The Definitive Collection

Steely Dan

Known for their perfectionism in the recording studio, Steely Dan front men Walter Becker and Donald Fagen also appear to be perfectionists of the greatest hits collection. The Definitive Collection is the group’s fifth such release (not including the box set Citizen Steely Dan), and generally covers the same ground as its precursors. We’re given the predictable selection of radio and cult hits, including “Do It Again,” “Bodhisattva,” “Kid Charlemagne,” and the title song from the film FM. The album has mainly served to promote the group’s recent summer tour, and to highlight their last two studio recordings (albeit with only one song from each).

So this release is more a redundant retread than a “definitive collection,” like Steely Dan itself is more a generous duo than a consistent band. Becker and Fagen — dubbed “Starkweather and Manson” in their days as backup musicians — established the eccentric rock-fusion outfit as their own vehicle, with others invited along for the ride. Their career and works all hinge on some degree of irony — be it their pop styling colored with a disdainful view of mainstream sensibilities, or a career-spanning collection that accounts for a 20-year hiatus.

Of course, the two have always been too smart and cynical for the pop music scene they slyly infiltrated. Their agreeable melodies often mask layers of tireless and eccentric musicianship, provided at times by such esteemed jazz players as Wayne Shorter, Tom Scott and Steve Gadd. Their lyrics brim with obscure references and often echo their disillusionment with success. As the song “Deacon Blues” waxes on the youthful vision of musical immortality, it inserts the deflated plea, “I want a name when I lose.” Even behind the MOR leanings of the hit “Hey Nineteen” lurks the duo’s lament of losing touch with a culture in slow decay.

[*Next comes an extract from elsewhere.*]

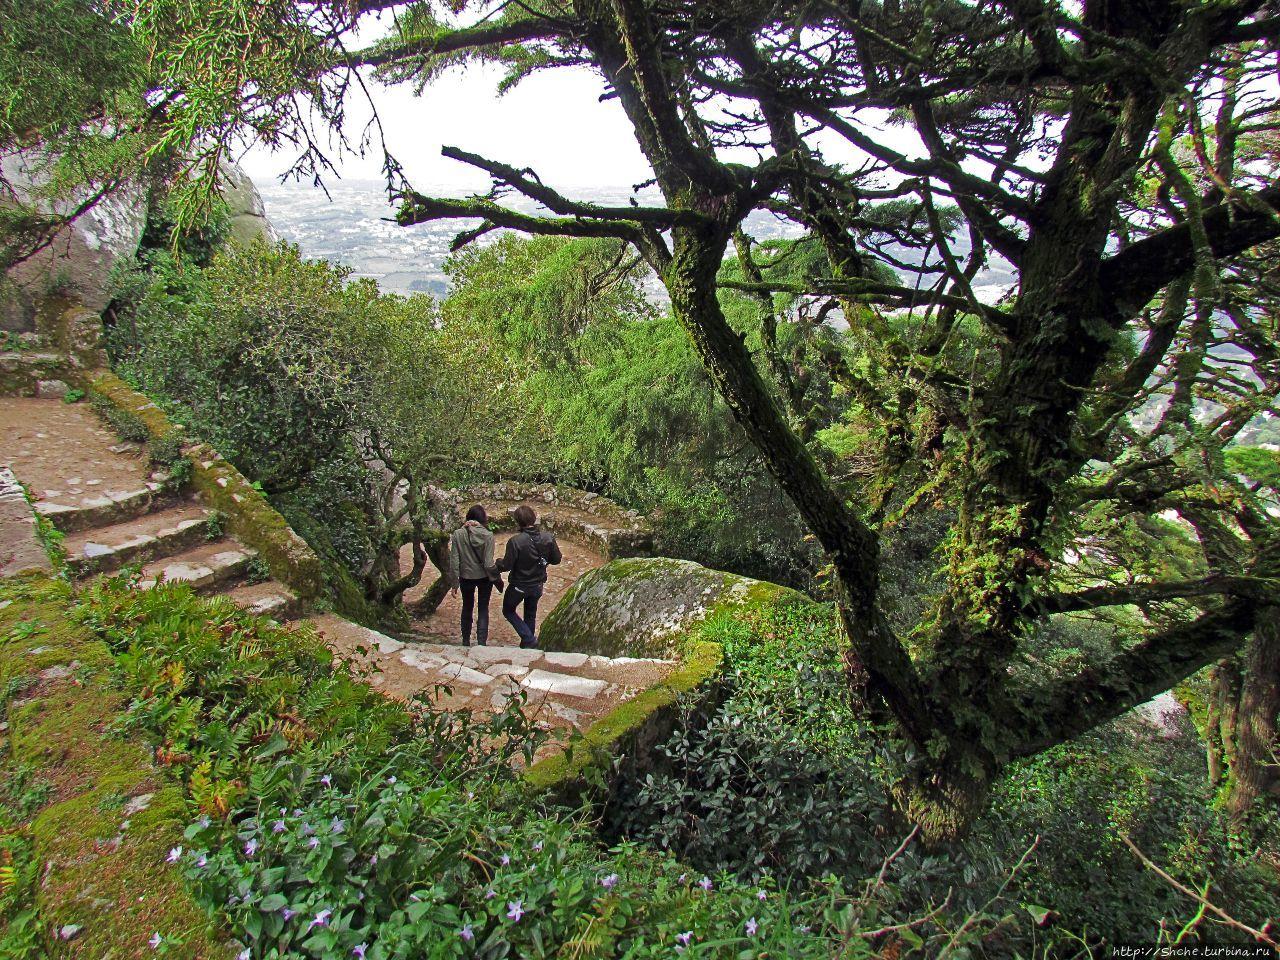 Живописная тропа в реликтовом лесу Синтры
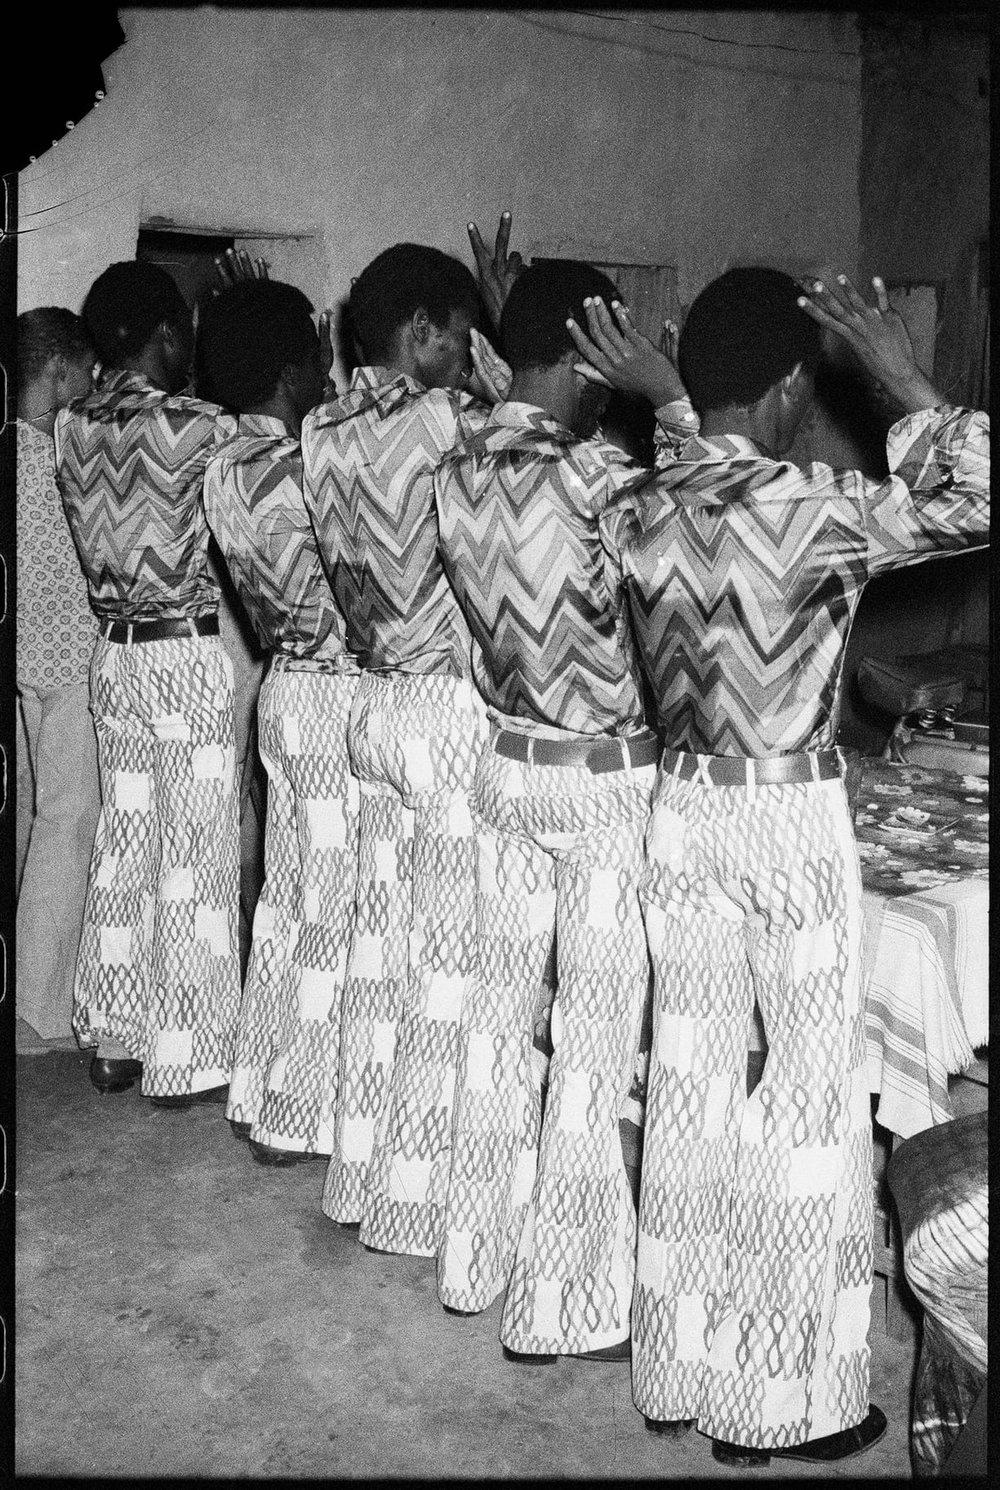 Les Amis dans la Même Tenue, 1972 © Malick Sidibé/The Pigozzi Collection/CAAC

The tracks here have been digitally remastered and all are well deserving of such treatment. All told, however, The Definitive Collection feels like a frivolous reminiscence of a group hopefully many years away from its final bow. This could be seen as a shrewd marketing ploy from Geffen Records, but I’d like to see the superfluity of this release as Steely Dan’s comment on the inevitable excess of the industry they have begrudgingly endured. Why expect any less from a group named after a dildo?